In early 2015, NASA awarded a contract extension to SpaceX for three CRS additional missions (CRS-13 to CRS-15). In June 2016, a NASA Inspector General report had this mission manifested for September 2017. The flight was then delayed from 13 September, 1 November, 4 December, 12 December, and 13 December 2017. SpaceX pushed off the launch to 15 December due to the detection of particulates in the second stage fuel system, taking the time to completely flush out the fuel and liquid oxygen tanks on the first and second stages as a precautionary measure.

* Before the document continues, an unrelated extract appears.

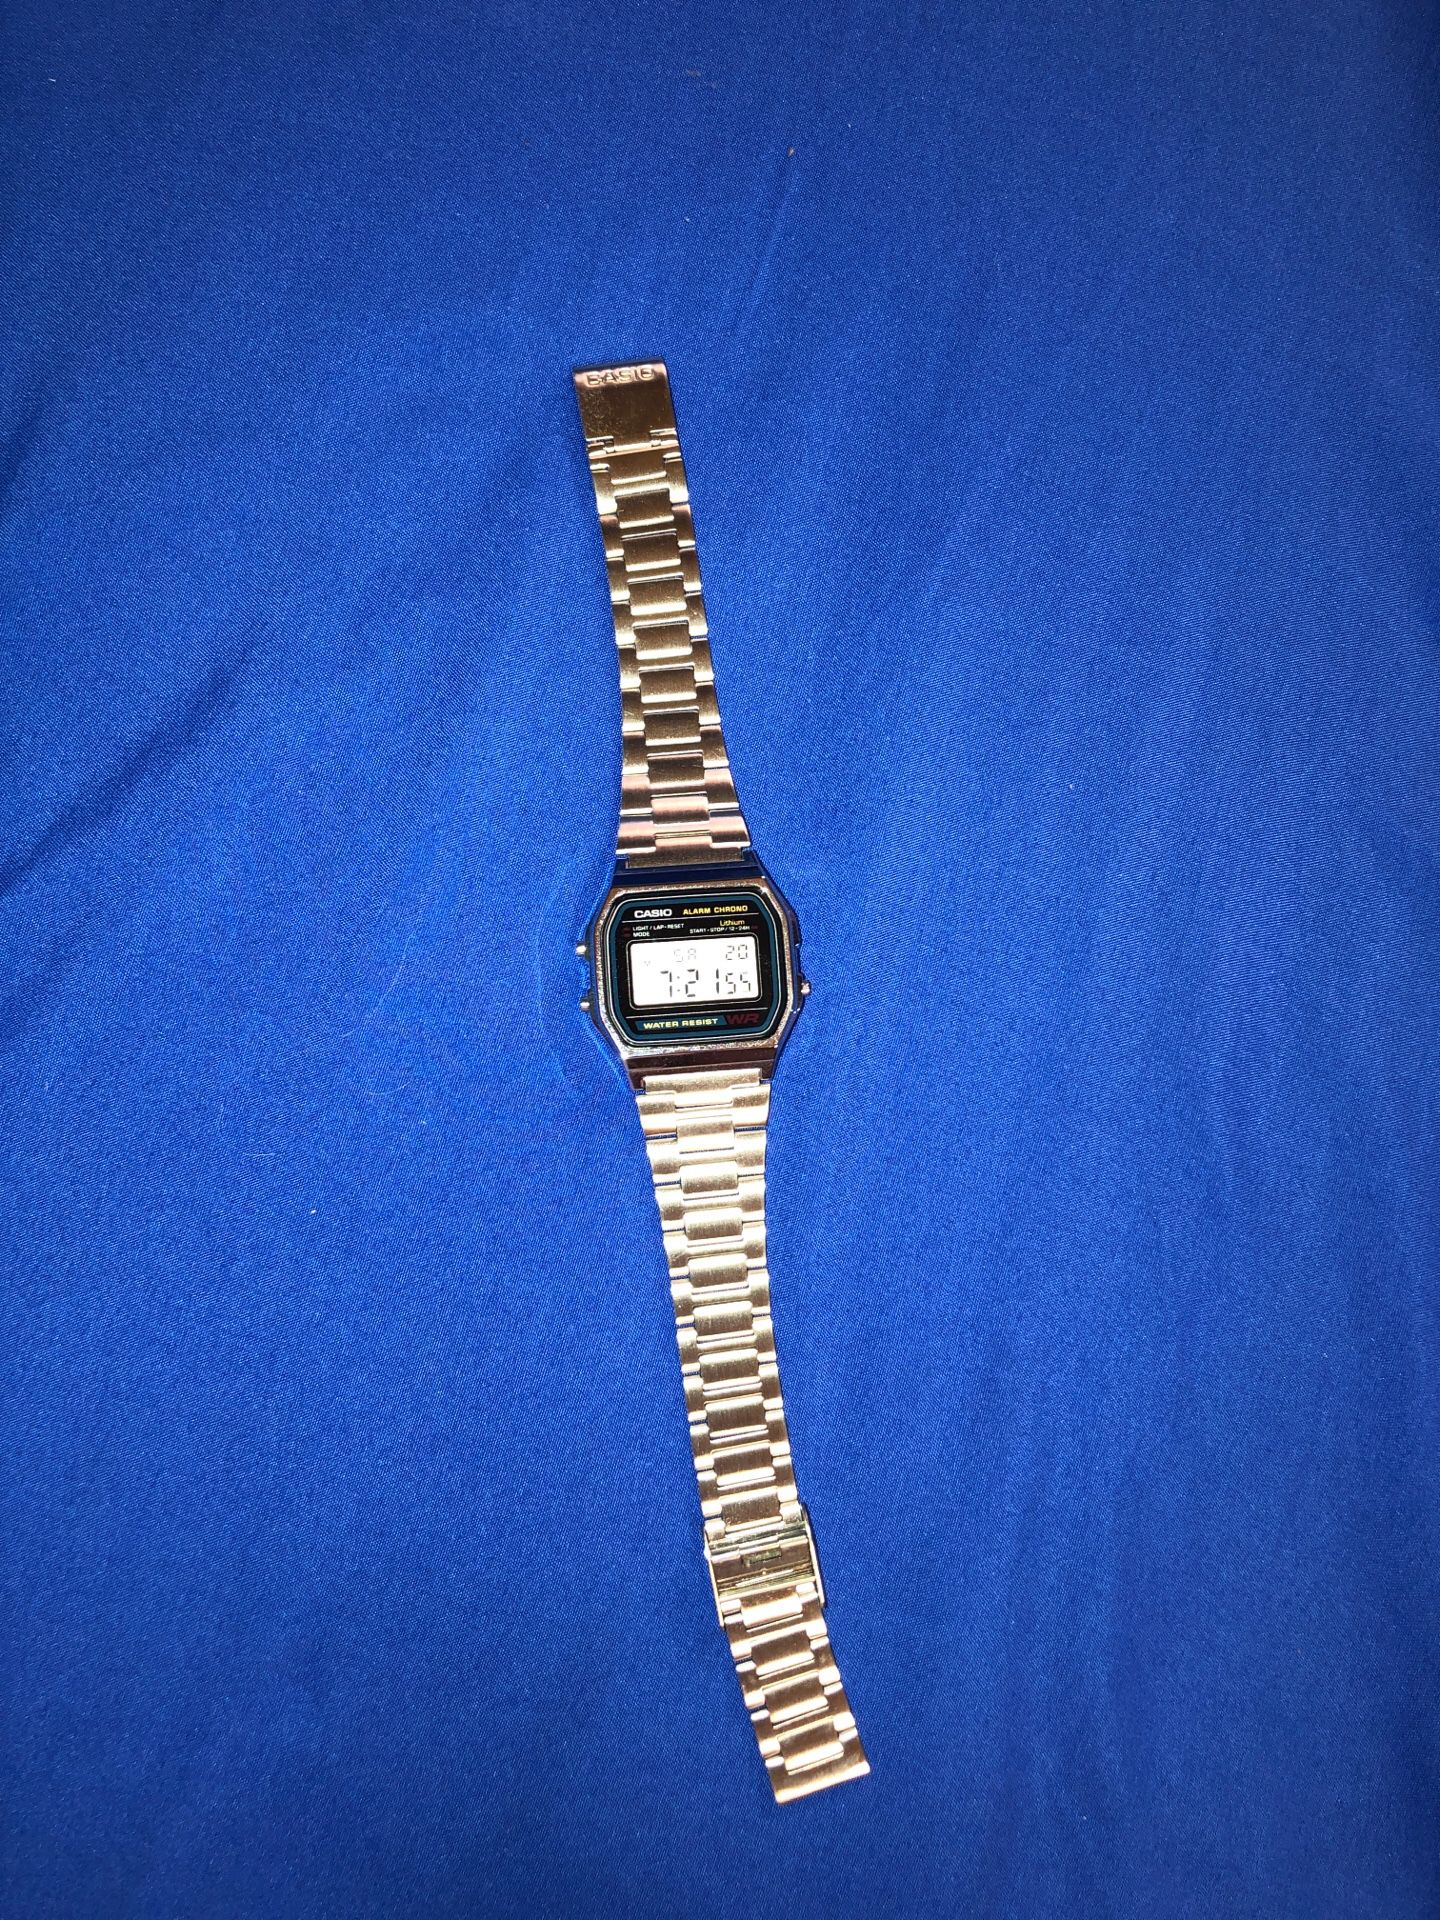 Casio watch almost new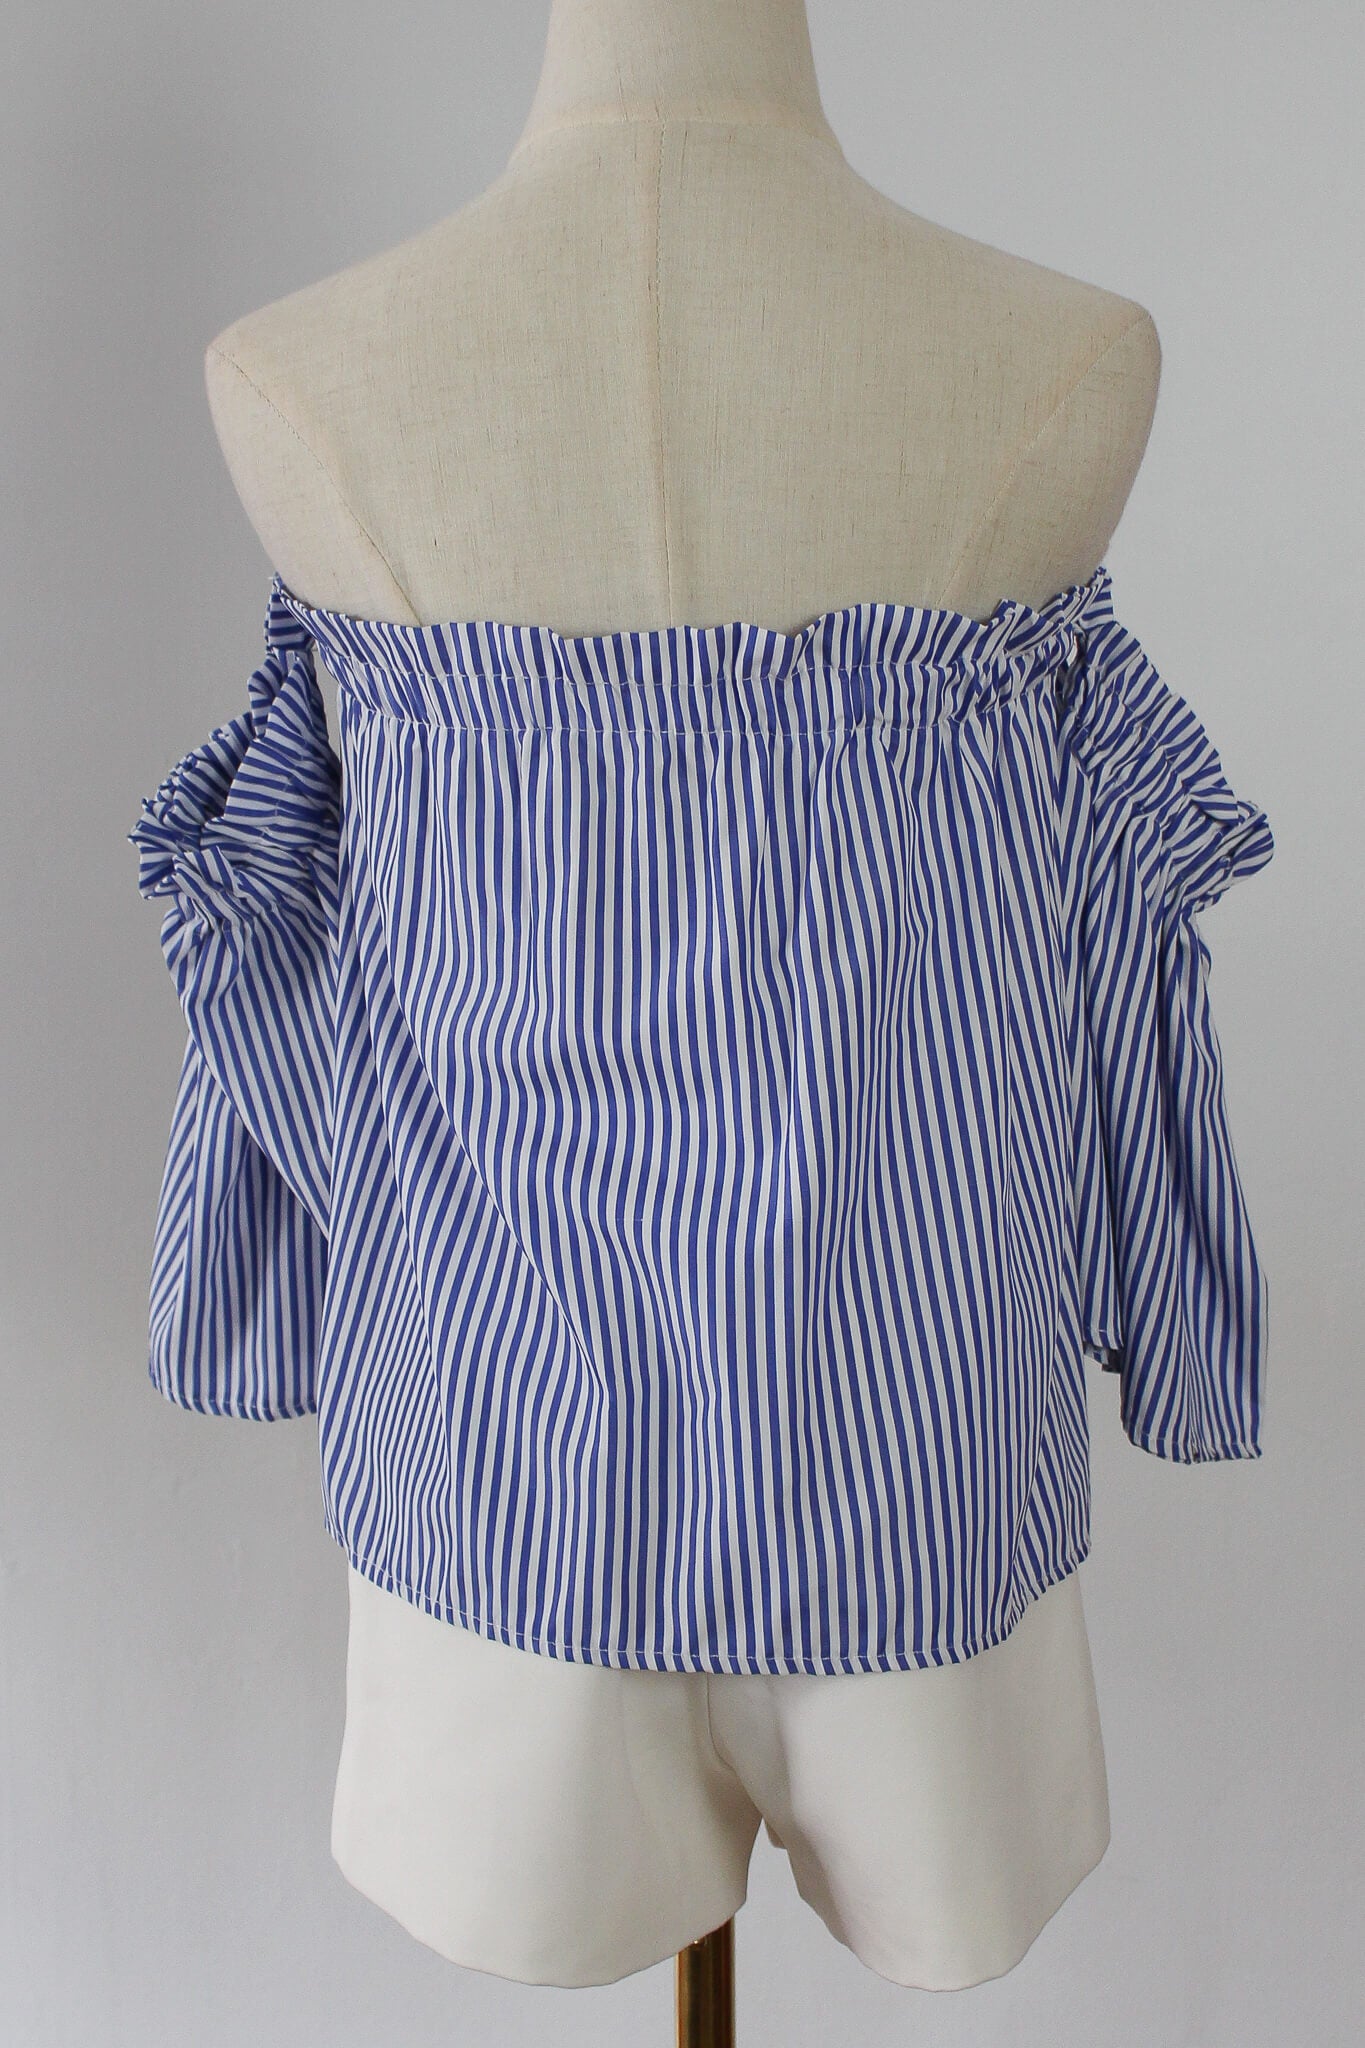 A blue and white striped off-shoulder top, perfect for the summer beach with nautical vibes.

The CRS-13 mission launched aboard a Falcon 9 Full Thrust rocket on 15 December 2017 at 15:36:09 UTC from the Cape Canaveral Air Force Station Space Launch Complex 40. The Dragon spacecraft rendezvoused with the International Space Station on 17 December 2017; the vehicle was captured by the Canadarm2 at 10:57 UTC and was berthed to the Harmony module's nadir docking port at 13:26 UTC. Dragon spent just under a month at the ISS: it was unberthed on 12 January 2018 at 10:47 UTC and was released from Canadarm2 on 13 January 2018 at 09:58 UTC. The spacecraft deorbited a few hours later, splashing down in the Pacific Ocean at 15:37 UTC carrying 4078 lb of equipment and science experiments.

== Payload ==
NASA has contracted for the CRS-13 mission from SpaceX and therefore determines the primary payload, date/time of launch, and orbital parameters for the Dragon space capsule. CRS-13 carried a total of 2205 kg of material into orbit. This includes 1560 kg of pressurised cargo with packaging bound for the International Space Station, and 645 kg of unpressurised cargo composed of two external station experiments: the Total and Spectral Solar Irradiance Sensor (TSIS) and the Space Debris Sensor (SDS).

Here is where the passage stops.